3. The method as recited in claim 2, wherein the pre-determined criterion comprises attaining a desired temperature between 50°C and 90°C for the adding of the second plurality of substances and wherein the pre-determined range of pH maintained by the addition of the sulfuric acid being 2.0 to 5.5.
4. The method as recited in claim 1, further comprising evaporating the obtained aqueous solution in an evaporator, wherein the evaporating being done prior to the crystallization of the aqueous solution and wherein the evaporating being performed to achieve a desired concentration of antimony in the aqueous solution when the concentration of the antimony in the aqueous solution being low.
5. The method as recited in claim 1, further comprising directly transferring the aqueous solution to the jacketed crystallizer for the crystallization when the concentration of the antimony in the aqueous solution being in a desirable concentration without using evaporator system.
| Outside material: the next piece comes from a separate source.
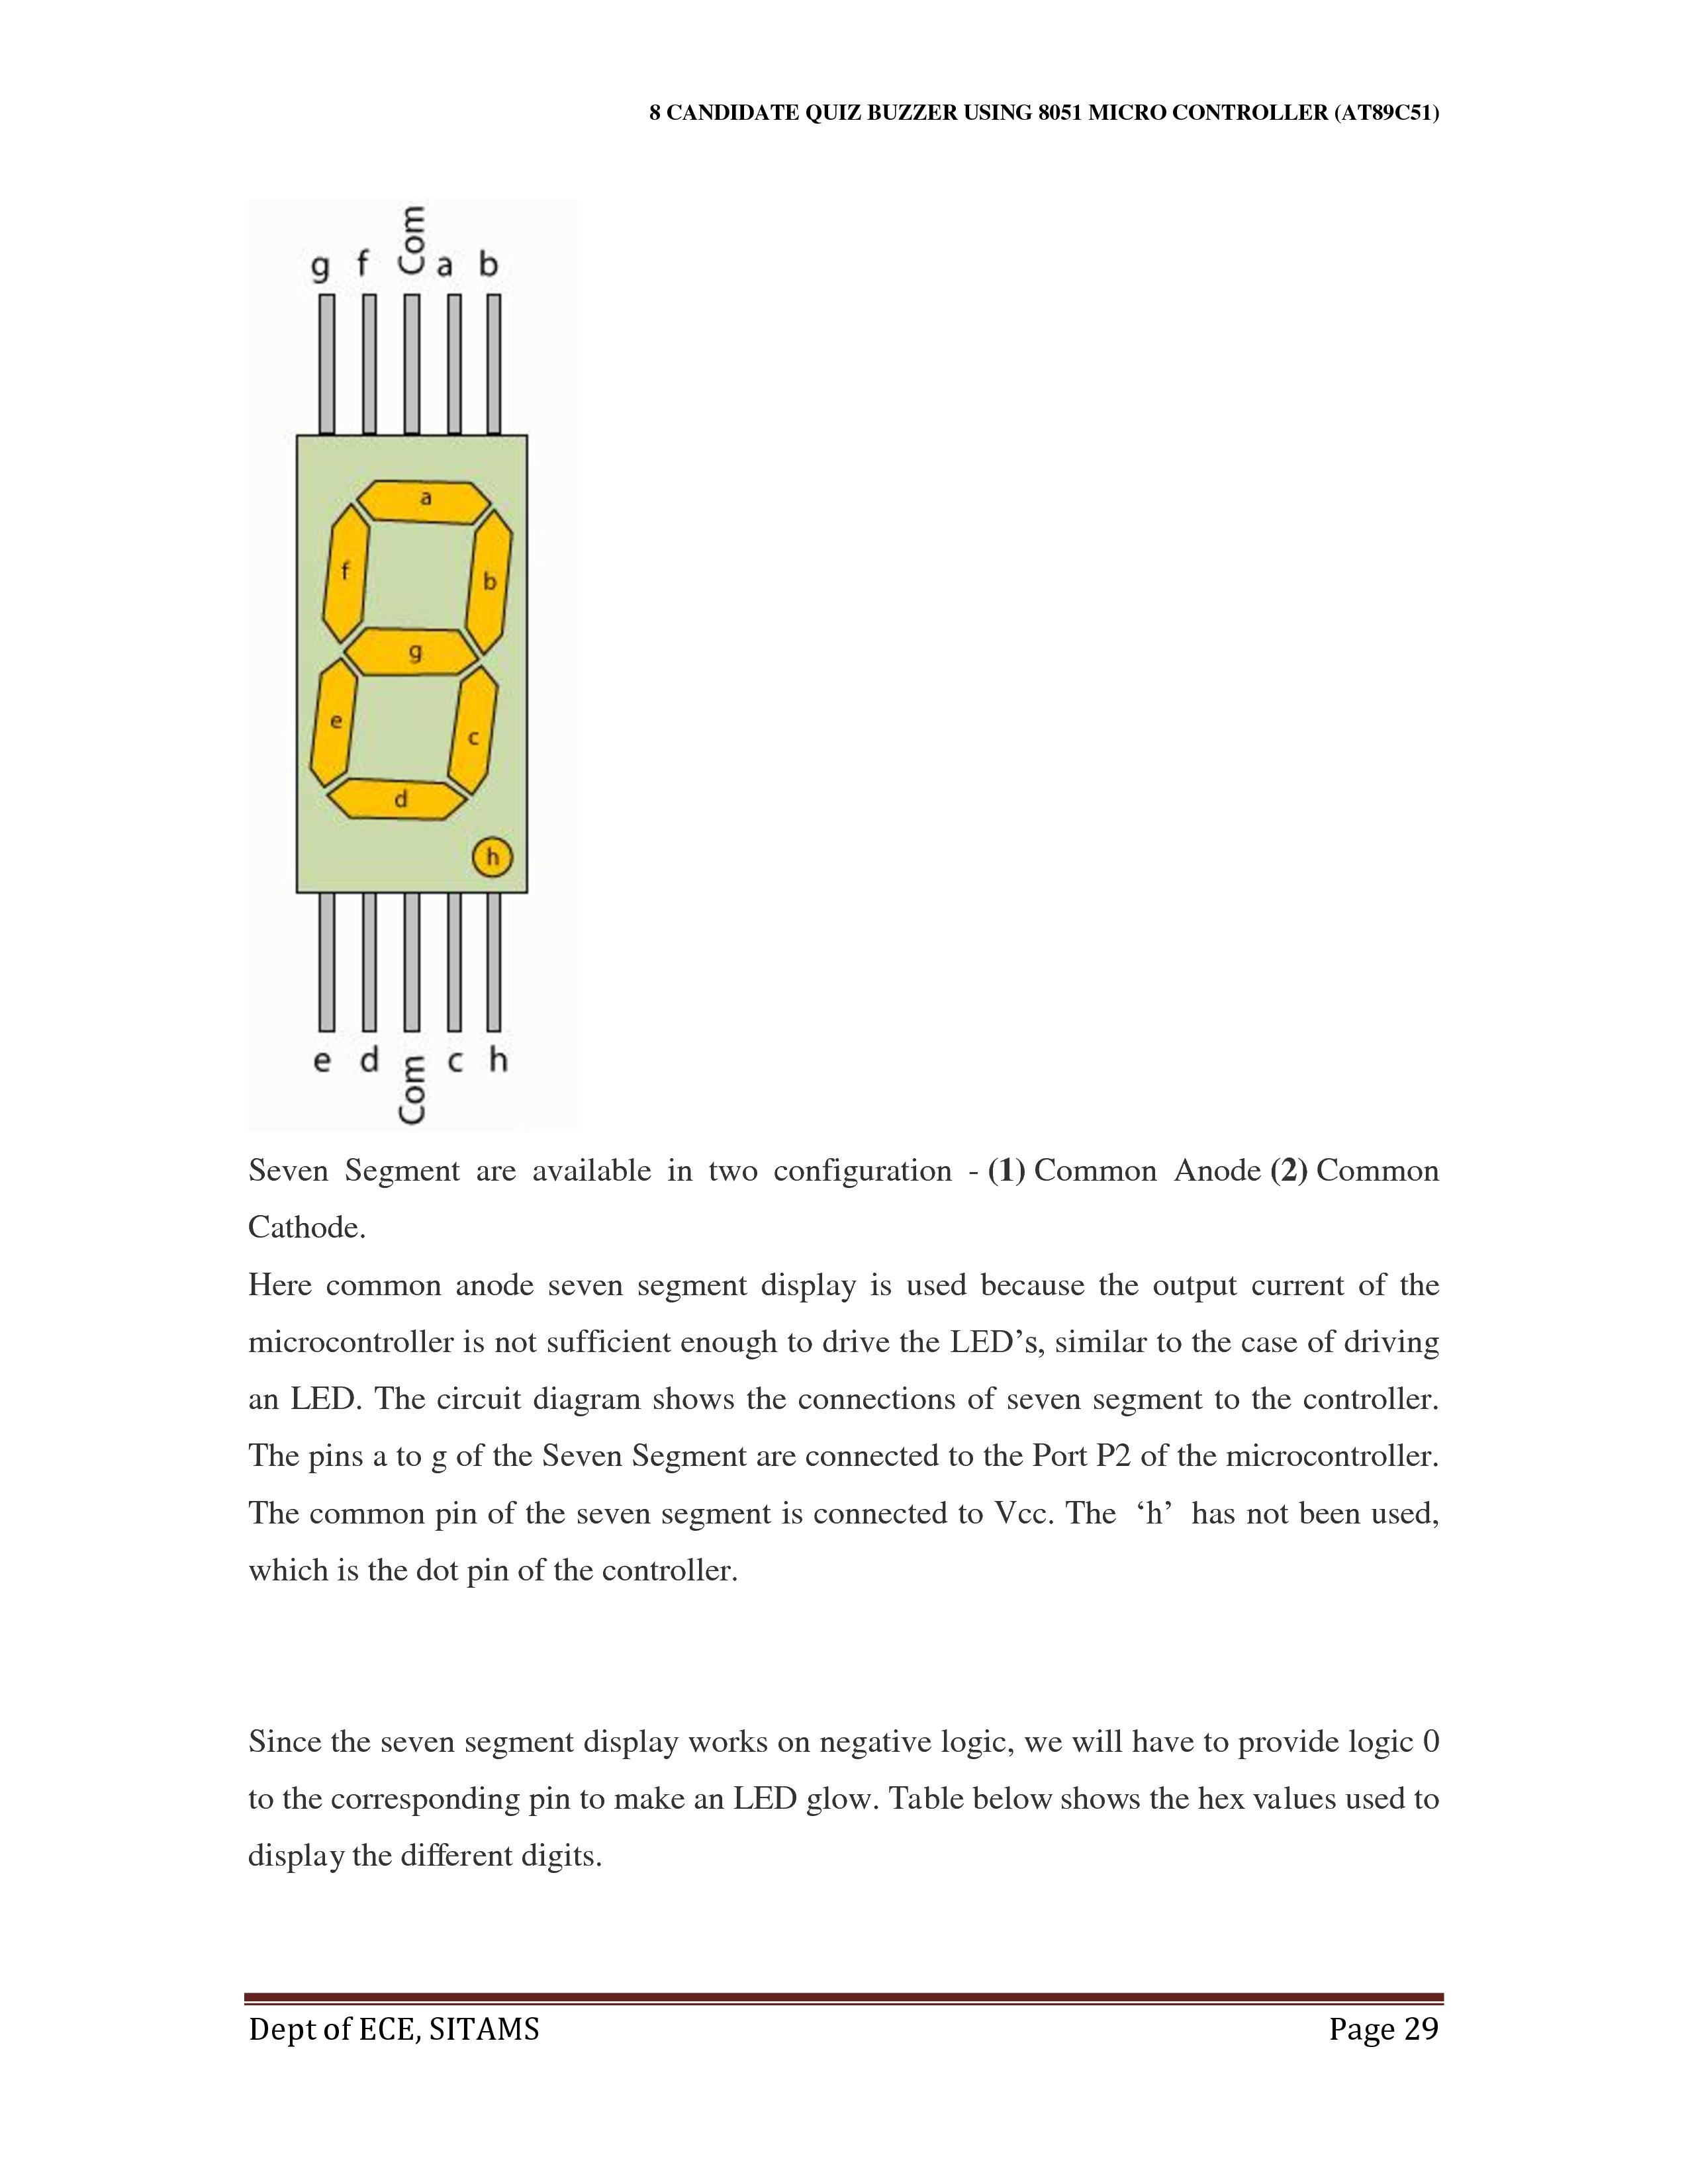 Enjoyable 8 Candidate Quiz Buzzer Using At89C51 Microcontroller Wiring Cloud Brecesaoduqqnet
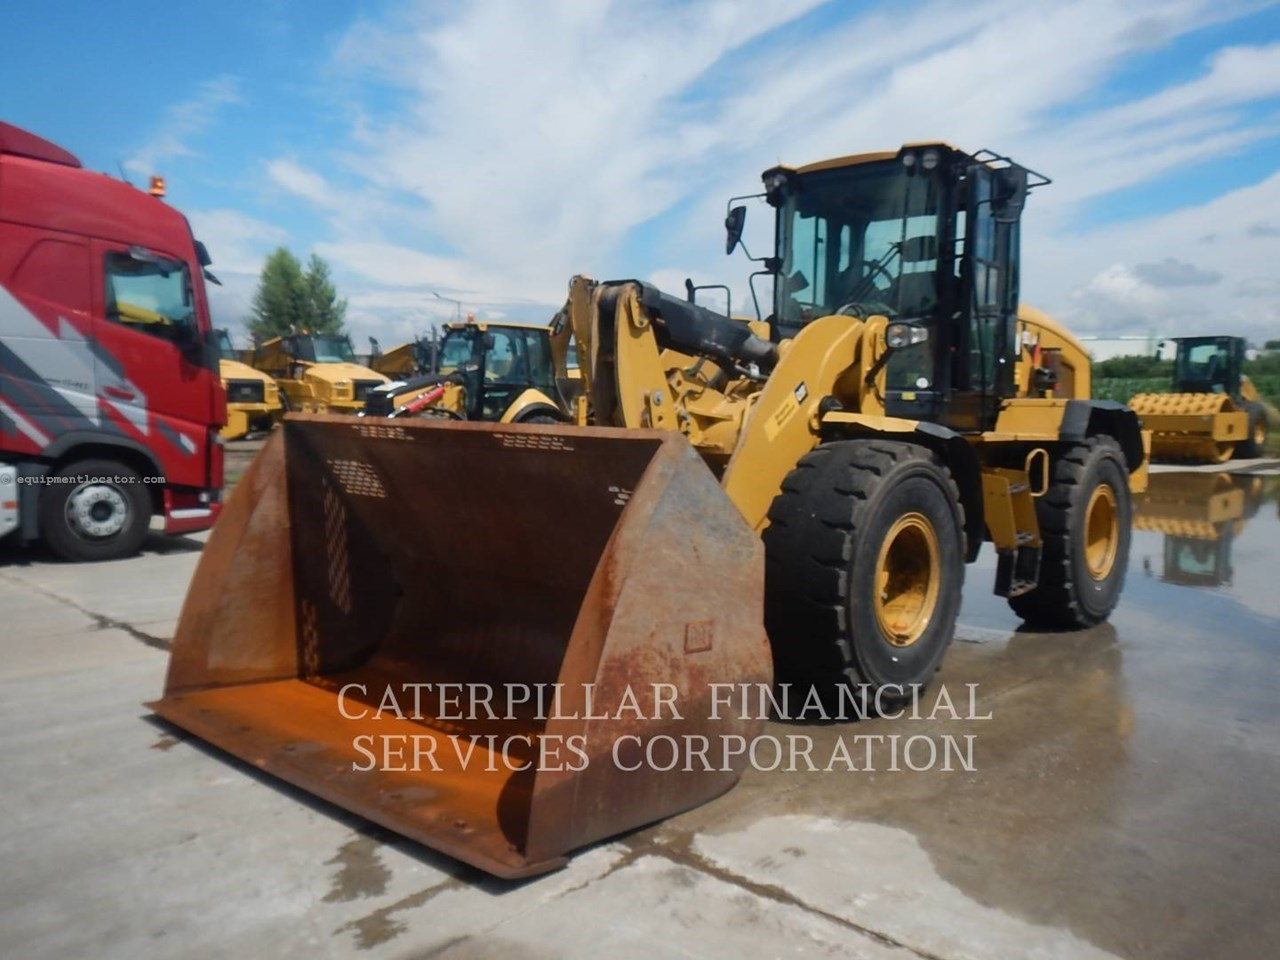 2017 Caterpillar 938M Image 1

6. The method as recited in claim 1, further comprising performing centrifugation for separating the mother liquor from the formed one or more crystals of the potassium antimony tartrate, wherein the mother liquor being transferred to each of the one or more jacketed reactors for performing the production of the potassium antimony tartrate and for washing.
7. The method as recited in claim 1, further comprising washing the formed one or more crystals of the potassium antimony tartrate with water to extract the mother liquor entrapped in each of the one or more crystals of the potassium antimony tartrate, wherein the one or more crystals of the potassium antimony tartrate being dried and ground.
8. The method as recited in claim 1, further comprising performing washing of the solid residue obtained from the filtering of the slurry of the leached solution of the one or more residues bearing antimony along with the mother liquor obtained from the centrifugation by adding the de-mineralized water or steam condensate water, wherein the washing being done to wash out soluble antimony from the solid residue, wherein the washing being performed for half to three hours and wherein the washing being performed at a temperature of 300C to 900C.
9. The method as recited in claim 8, further comprising filtering slurry retrieved after the washing of the solid residue based on antimony content in the slurry, wherein a filtrate obtained after the filtering being transferred to each of the one or more jacketed reactors when the antimony content is low and wherein the filtrate being transferred to the jacketed crystallizer for the crystallization when the antimony content is high.
10. The method as recited in claim 1, wherein the first pre-determined interval of time for the leaching of the one or more residues bearing antimony being between two to eight hours and wherein the second pre-determined interval of time being 0.5 to 4hours.